DATA PROVIDED:
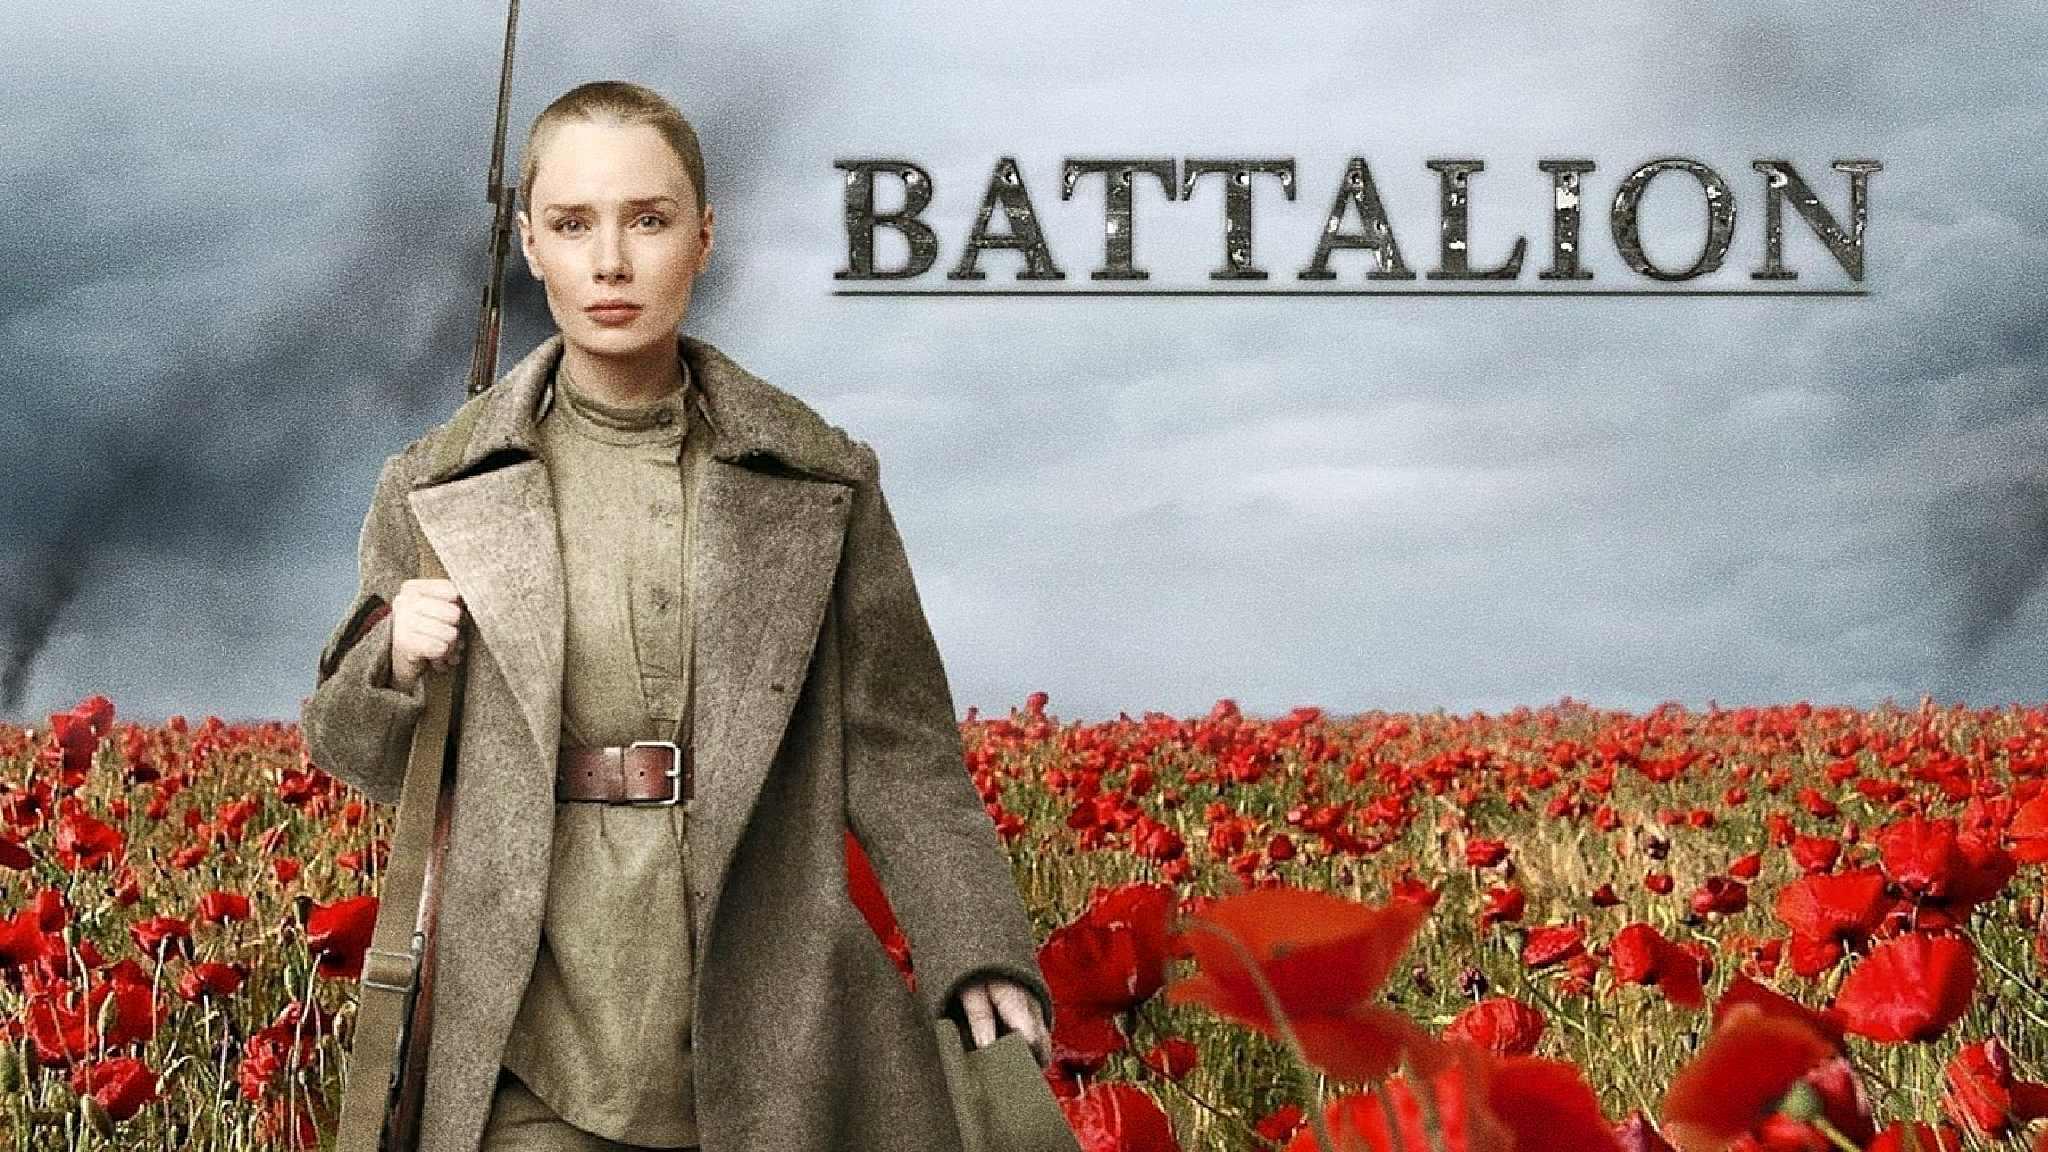 Battalion [2015]
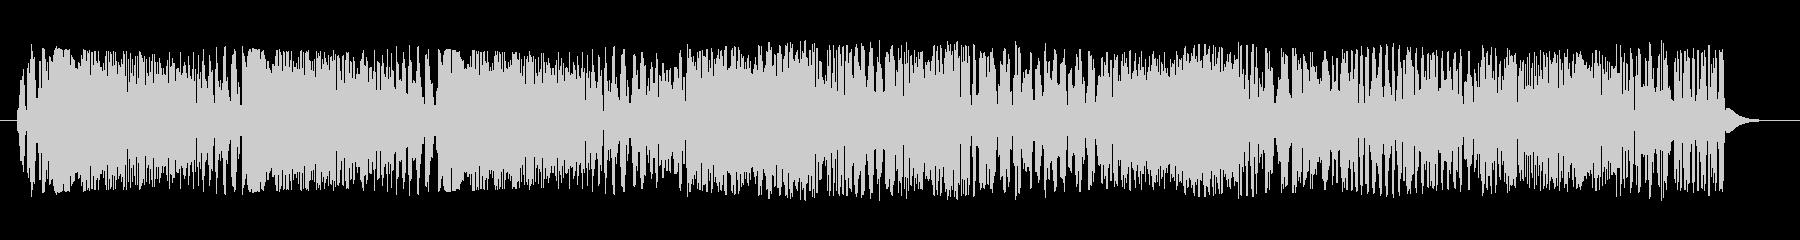 Electrozapperスワイプ1の未再生の波形
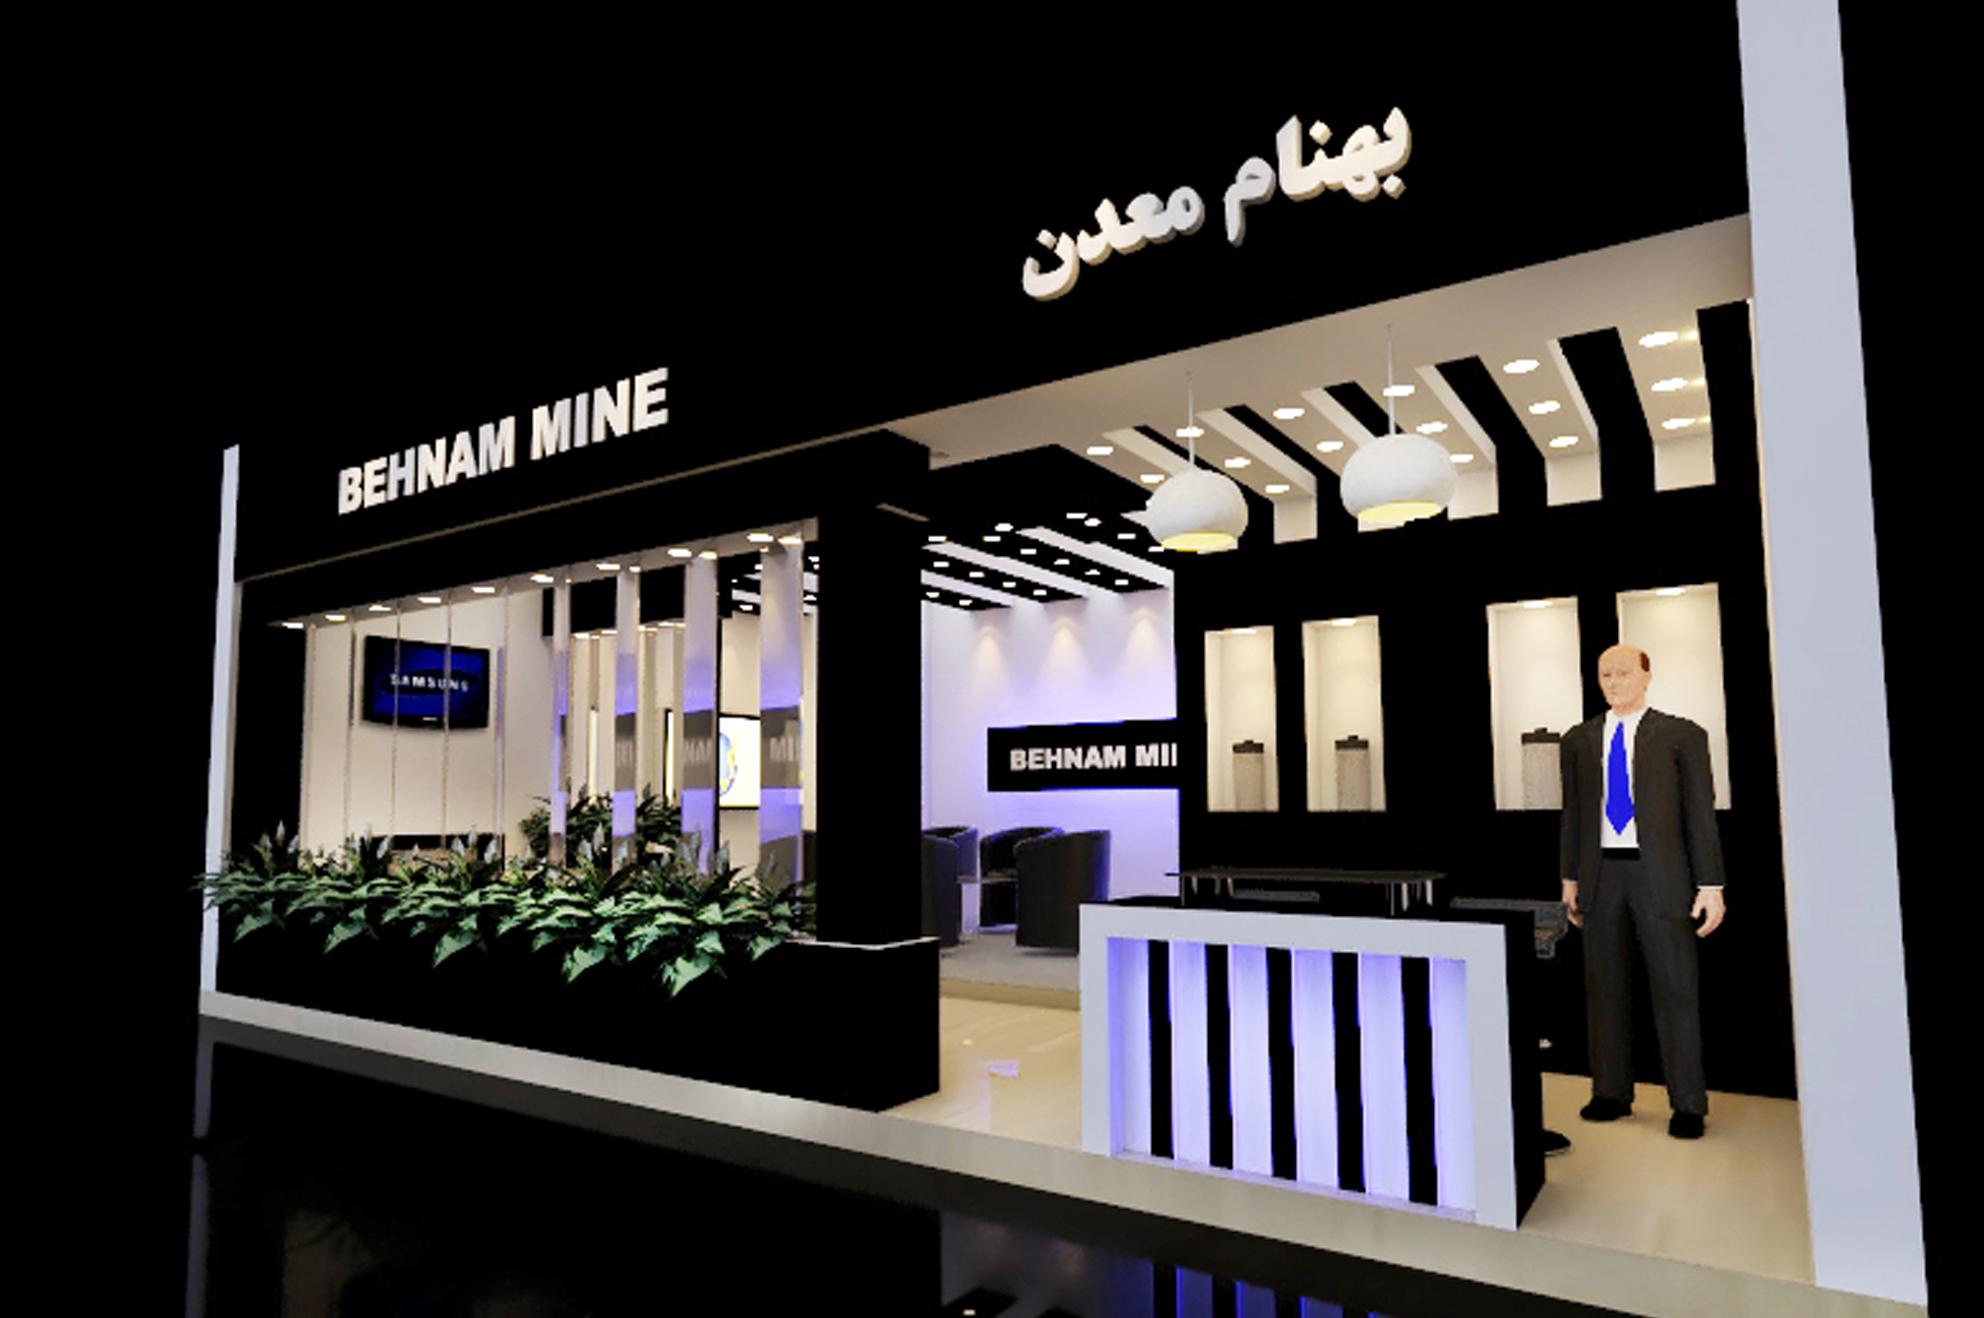 بهنام معدن - غرفه سازی نمایشگاهی-طراحی واحرای غرفه های نمایشگاهی
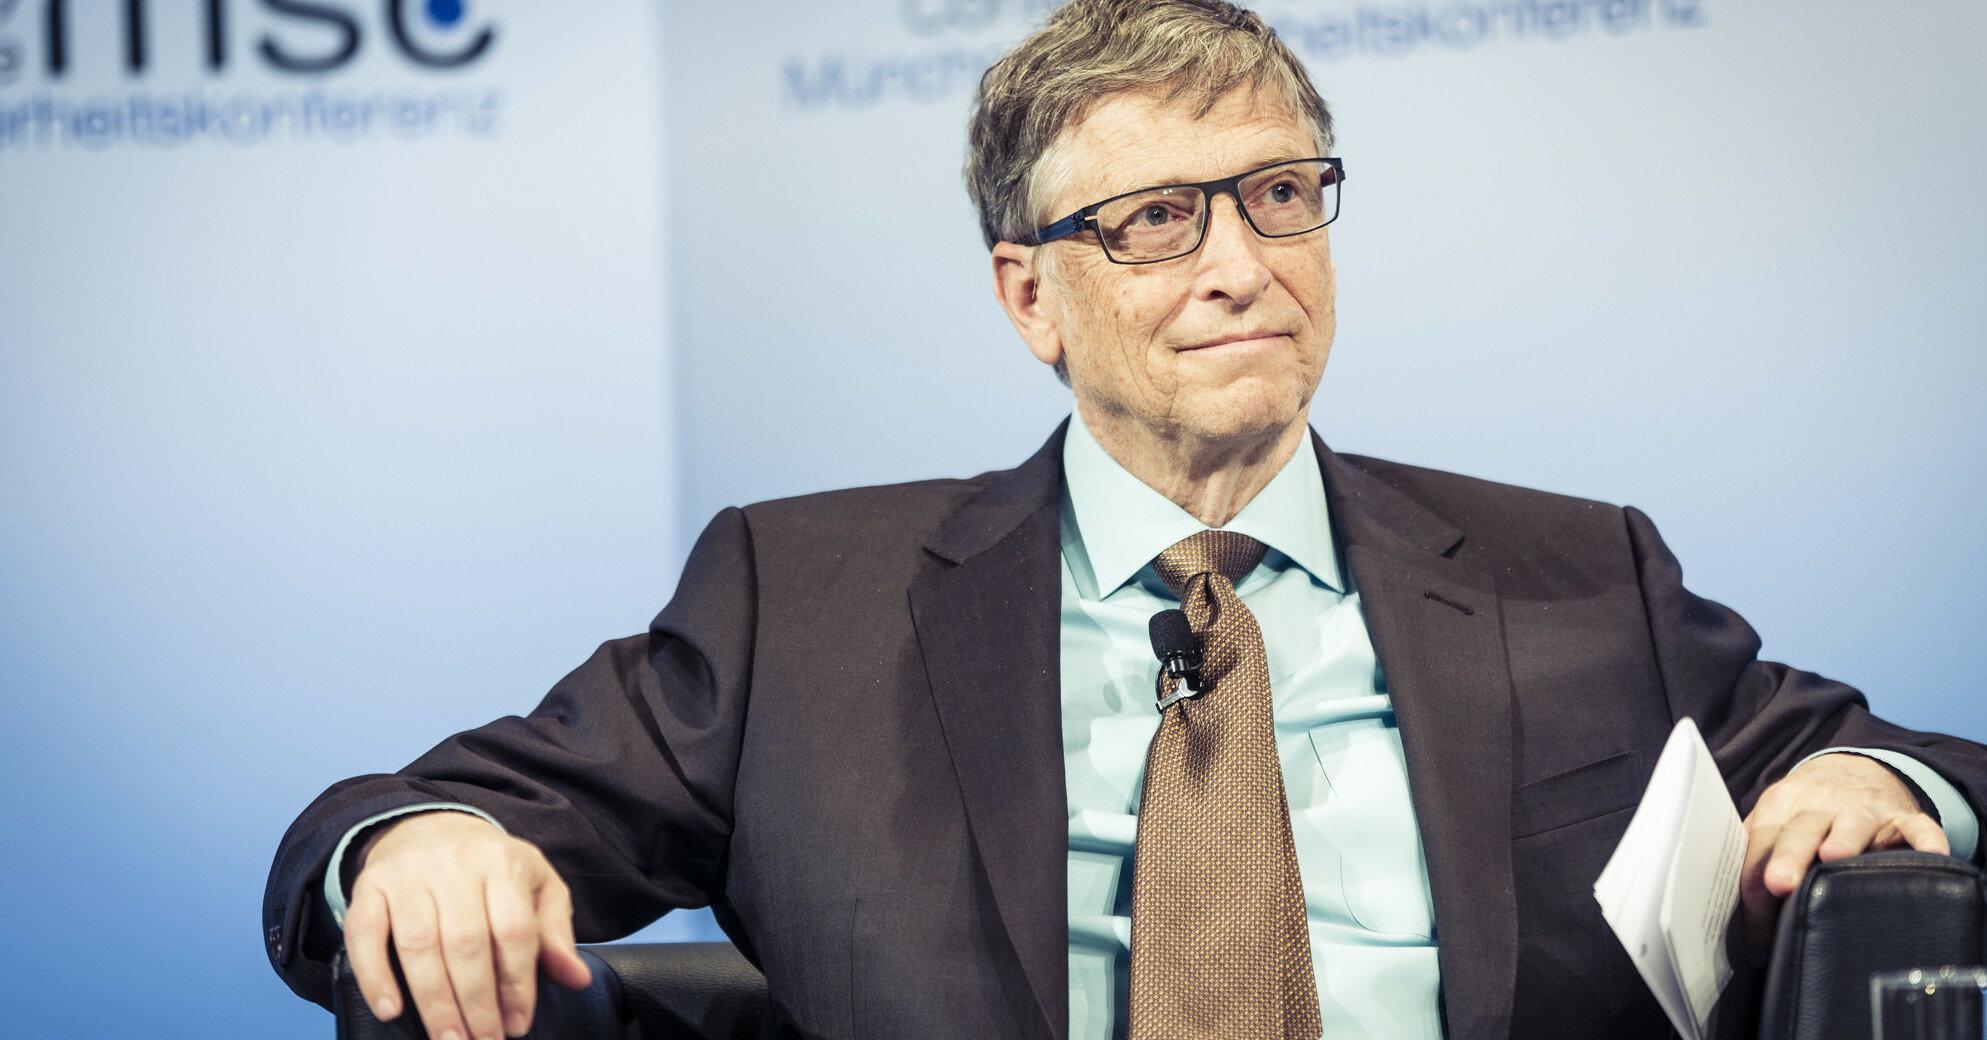 Билл Гейтс начнет бороться со щелями в домах - Bloomberg

WHAT IS EXPECTED: Go through the data and return every word of it verbatim, leaving out the pictures.

RESULT OF THIS TASK:
 Battalion [2015]
 Electrozapperスワイプ1の未再生の波形
 بهنام معدن - غرفه سازی نمایشگاهی-طراحی واحرای غرفه های نمایشگاهی
 Билл Гейтс начнет бороться со щелями в домах - Bloomberg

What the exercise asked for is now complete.